Even as a devoted ravines explorer, the filming process has led to new discoveries for Berman. "I didn't realize just how much land was private within ravines, which changes how you look at them. A good deal of that private land is people's backyards.“

The project has also offered Berman an important reminder that the ravines are part water infrastructure, and part green space parkland. They are not pristine nature, but carefully managed flood and erosion prevention systems. “They are essentially our drainage system,” says Berman, “and they require upkeep and engineering. There's no going back to virgin nature, but it hasn't been there for 200 years anyway. It's more about asking how you curate nature.”

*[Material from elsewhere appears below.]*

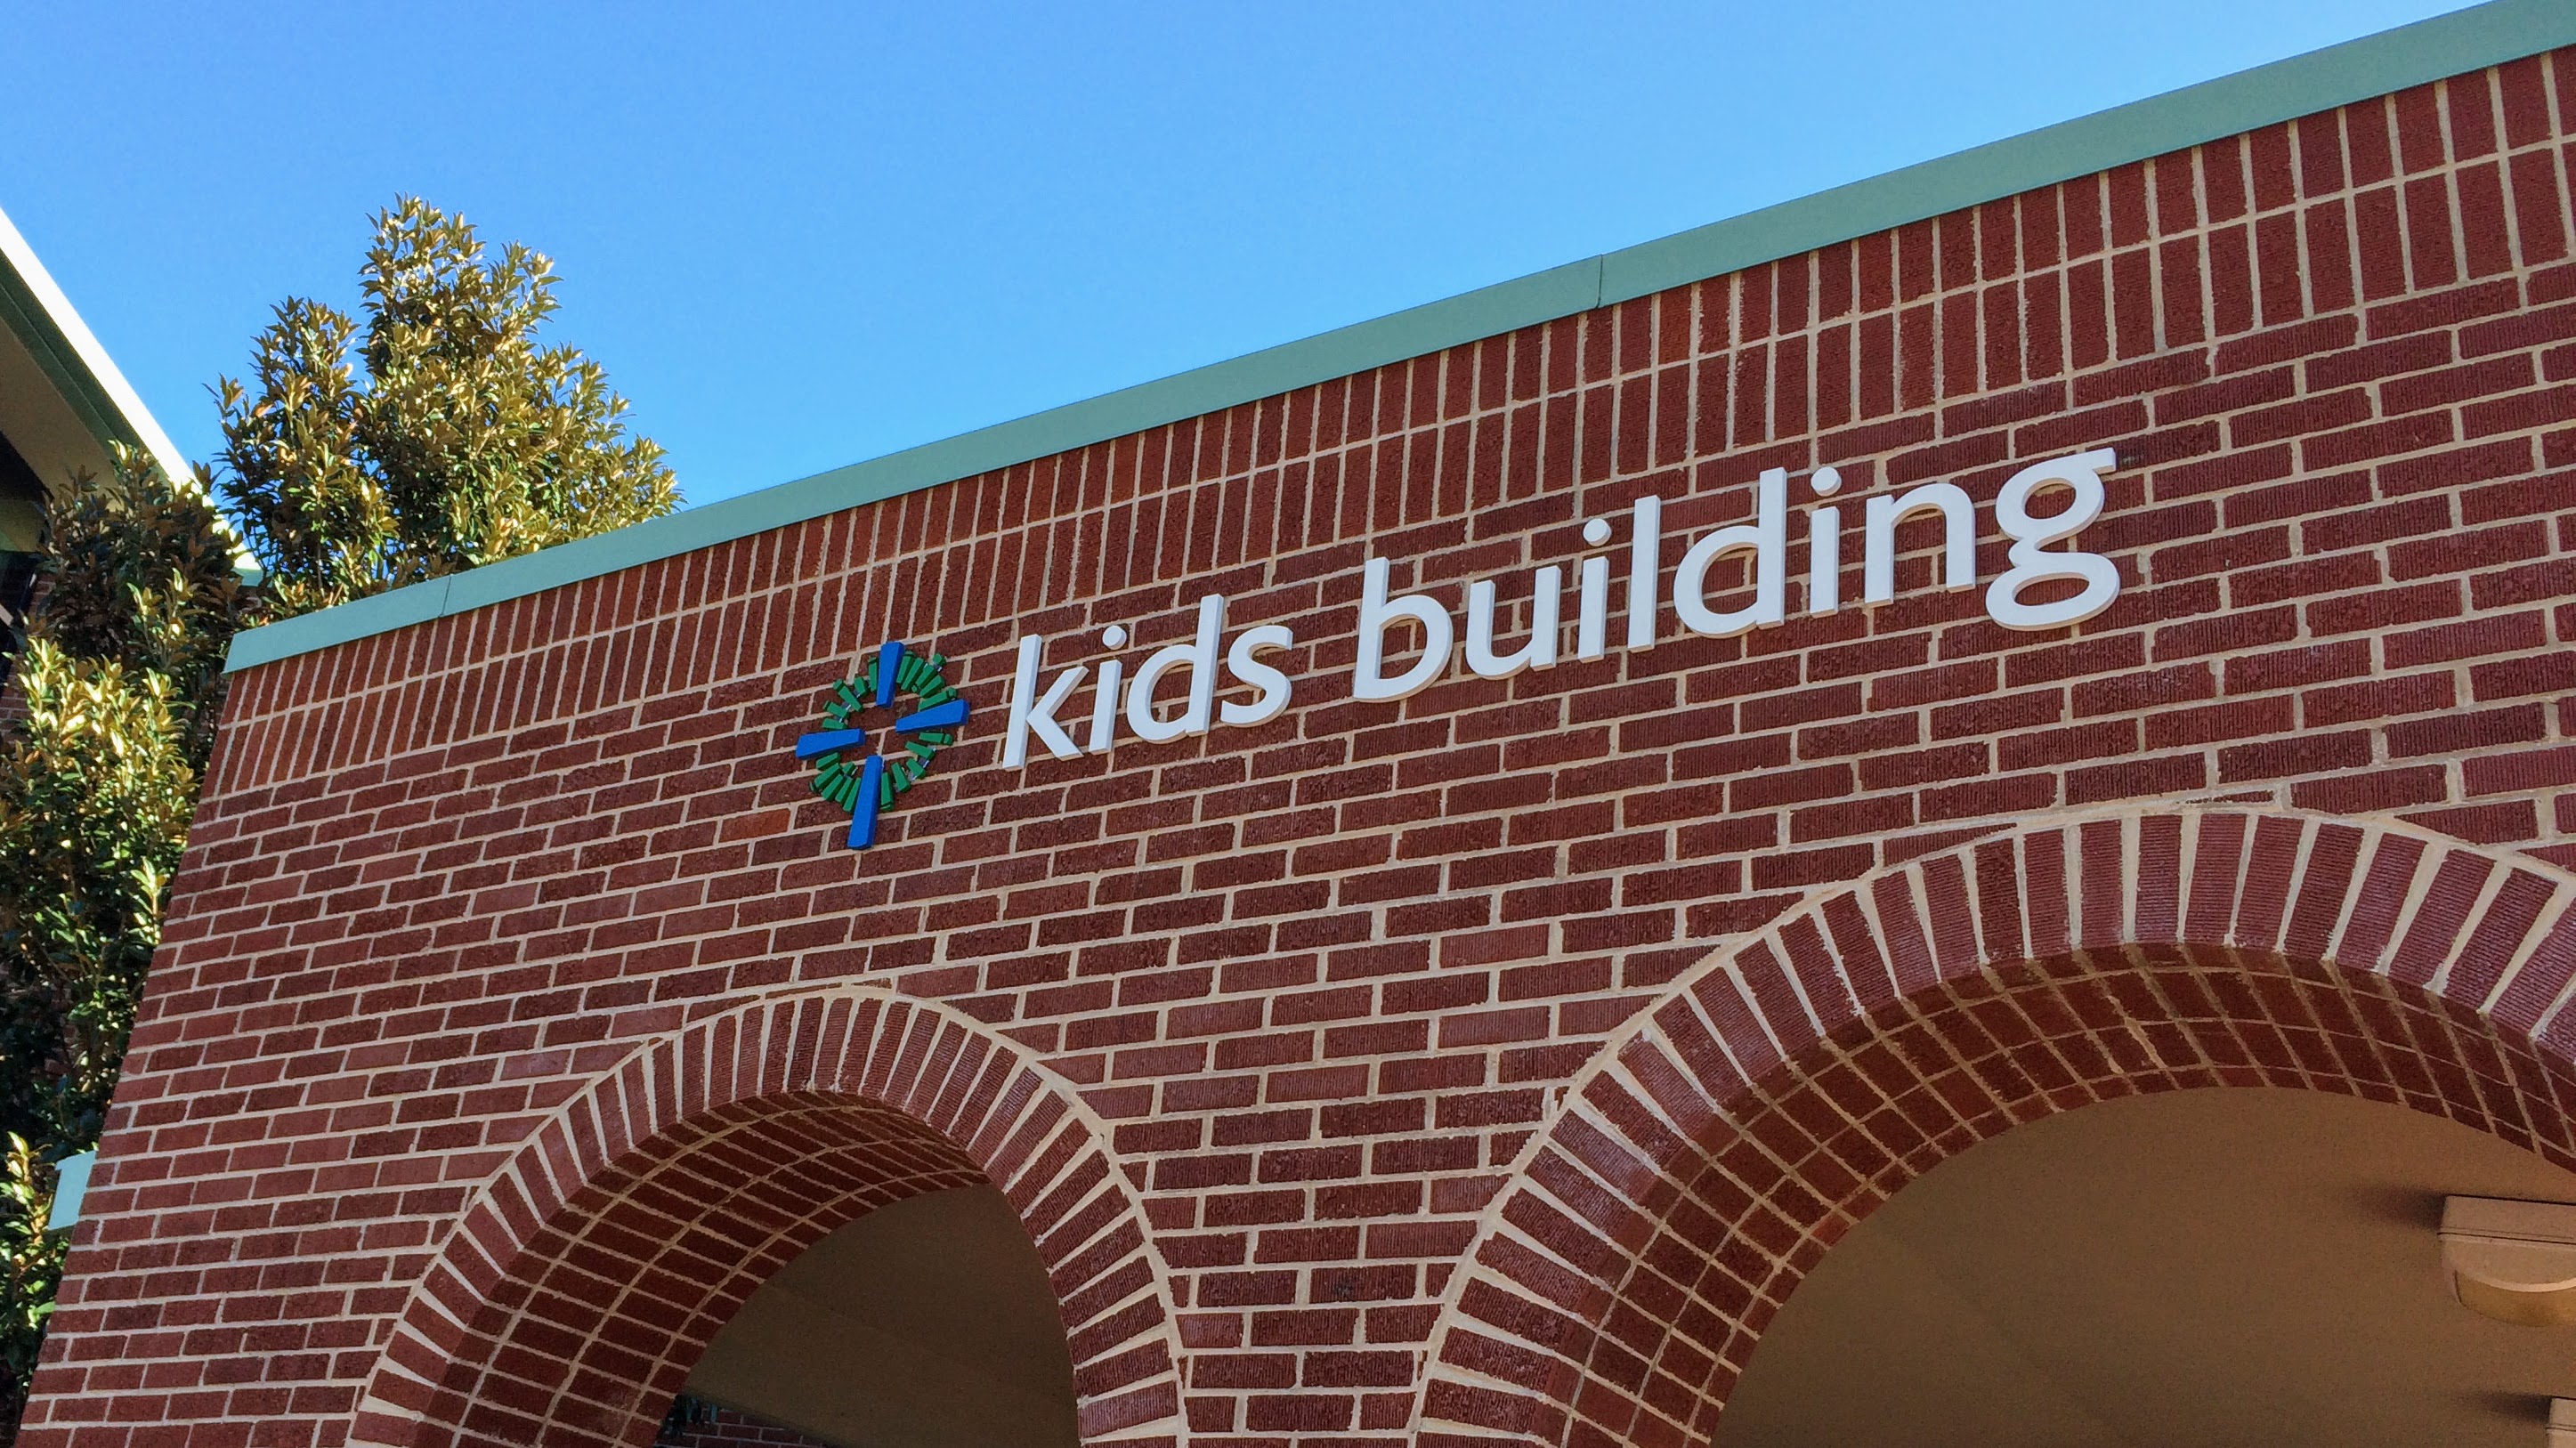 Exterior wayfinding for kids building on church campus with dimensional letters - signgeek Wayfinding

Kelli Korducki paddles the Don.Berman is optimistic about that curation process. “There are so many smart, committed people working on this for the city and TRCA. It's kind of impressive and overwhelming how strong a workforce we have working around this.” 

Dave Harvey, director and founder of Park People, is also optimistic. Park People has been closely attuned to the consultation roundtable discussions put forth by the city and TRCA to get a ravines plan rolling; the most recent of these, earlier this month, attracted over 300 attendees.

“The city seems like they're really trying to reach out,” Harvey observes. "And the great thing is that there are so many interested people who want to be part of the strategy."

Harvey has two major hopes for Toronto's ravines: that the many tower communities located near them might be able to use these spaces as community-building asset, and that a greater awareness of the ravines emerges around the city. But he has reason to be hopeful.

“More and more you see great ideas like the Pan Am Path, which will engage people in a new way through the ravine system,” he says. "I think these will get more people to use them, appreciate them, and make them the city building asset that they are."